There are infinite colors outside the visible spectrum and I guarantee you not one is named. Things can exist without having a word attached, but that makes it awfully hard to discuss them. So for the sake of argument, think of the concept of an unimaginable color and call it Ephemeral Blaznous. Why Blaznous? Because it couldn’t be called Ephemeral Blue. There may be millions of shades of blue but blue is a specific idea. Blue is something we can talk about and the letters B-L-U-E in that arrangement can contain the concept of it in text and evoke the image of it.The erotic isn't as easy as blue. As an idea, it's a slippery sucker that dodges just as you try to pin a definition on it. It changes over time. It hovers outside the spectrum. It's blaznous.

I could tell you about things that turn me on, but only a general description of what I saw or read and I can't tell you why. The actual trigger, if there’s only one and it isn’t a cumulative thing, is a big old mystery. This is why I'm a bit in awe of the "porn" writers who can reach out and evoke a physical response to their words in just a few paragraphs. There's a real art to that. But it doesn't quite fit my idea of the erotic.

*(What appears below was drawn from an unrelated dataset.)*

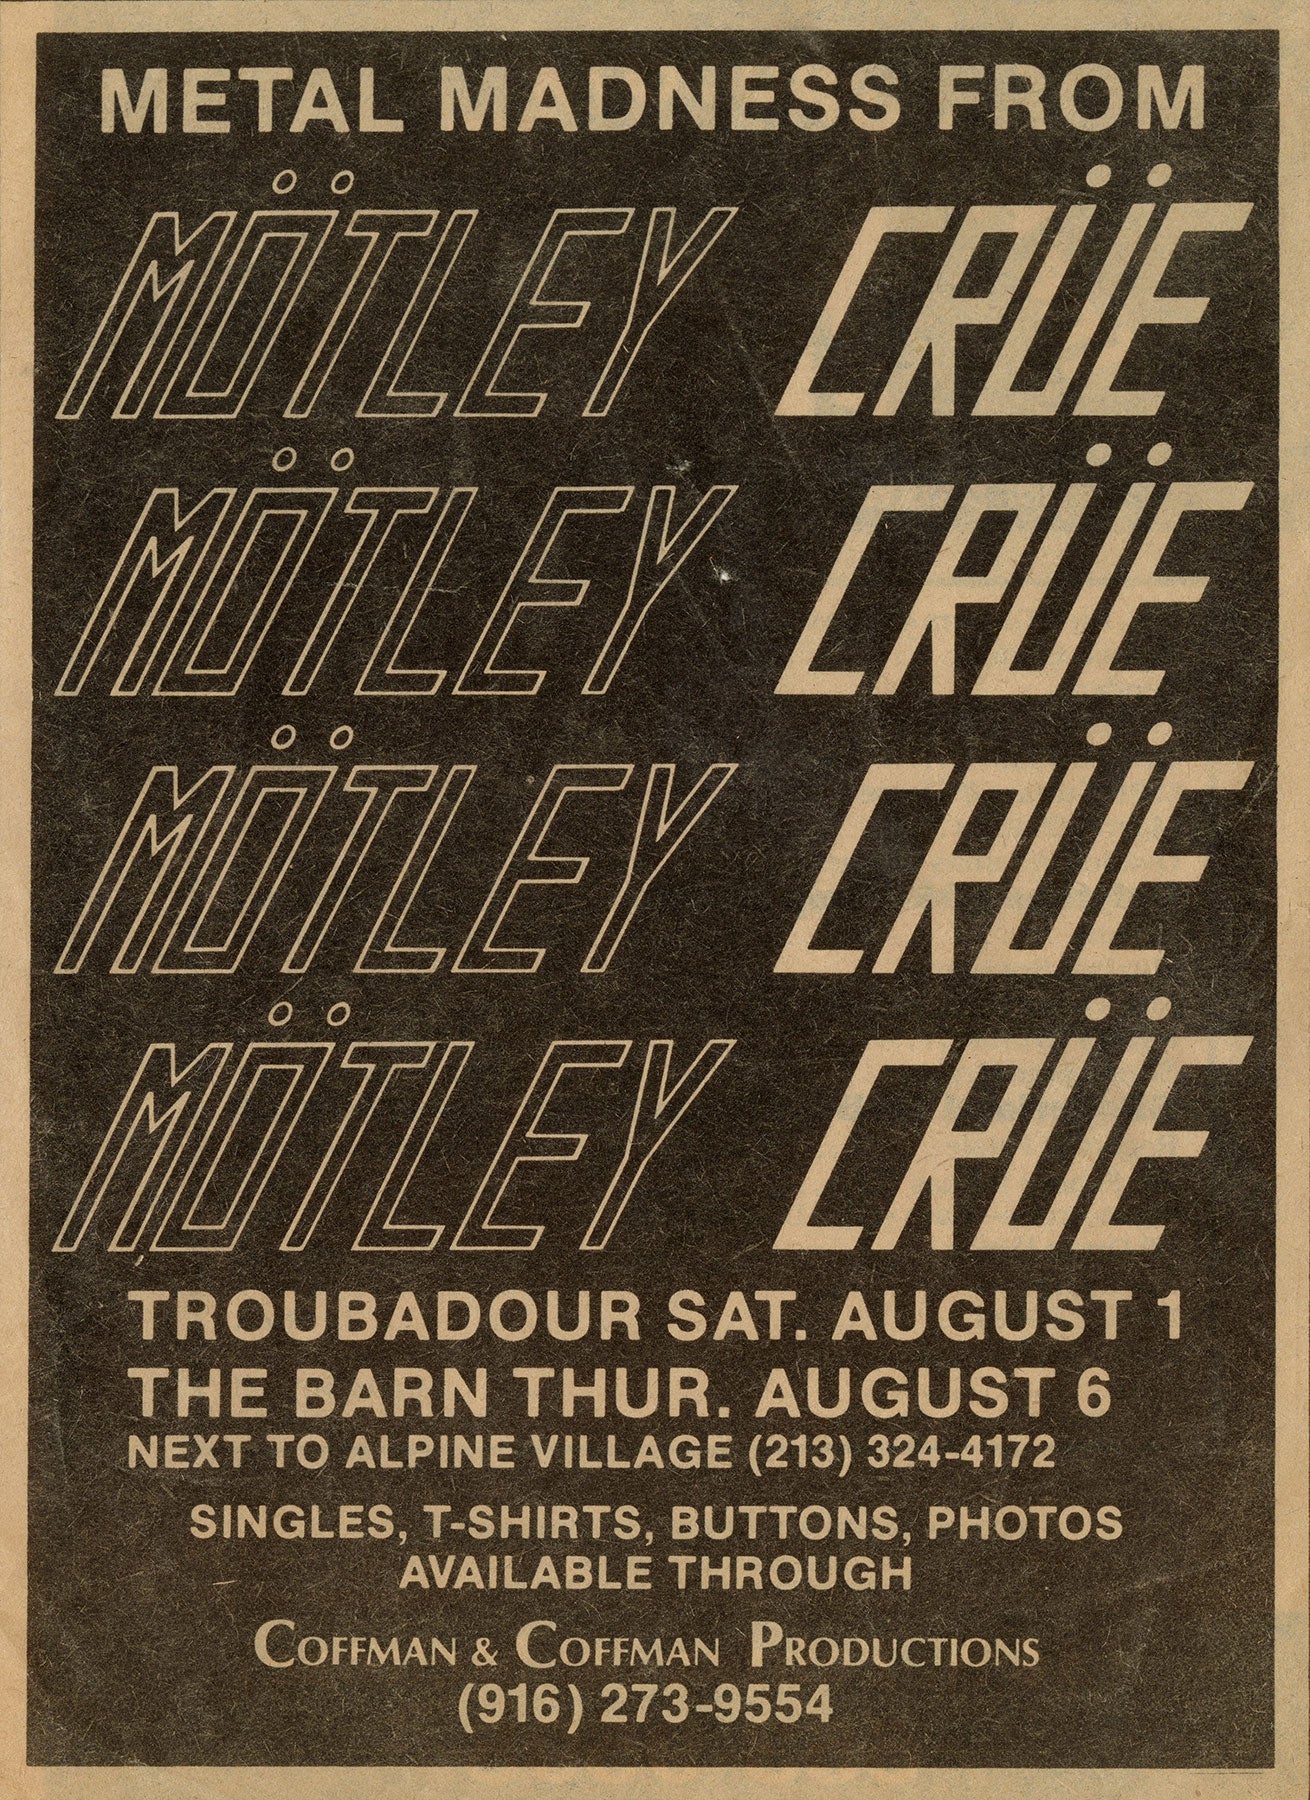 Mötley Crüe flyer promoting 2 shows from 1981

What's most erotic thing? I don’t know it. Often, stories or movies almost reach the state of pure eroticism for me, but then they devolve [I'm a bit sorry I used this word, as there's nothing wrong with the physical, but I can't change it now] into the physical because it’s easier that way or because the artist felt a need to resort to the shared vocabulary of sex or maybe they reach that state of Ephemeral Blaznous where everything gets hazy and fragments into uncertainty, and while they can reach for it, they can never drag it into the visible spectrum.  Much like my thoughts on this topic.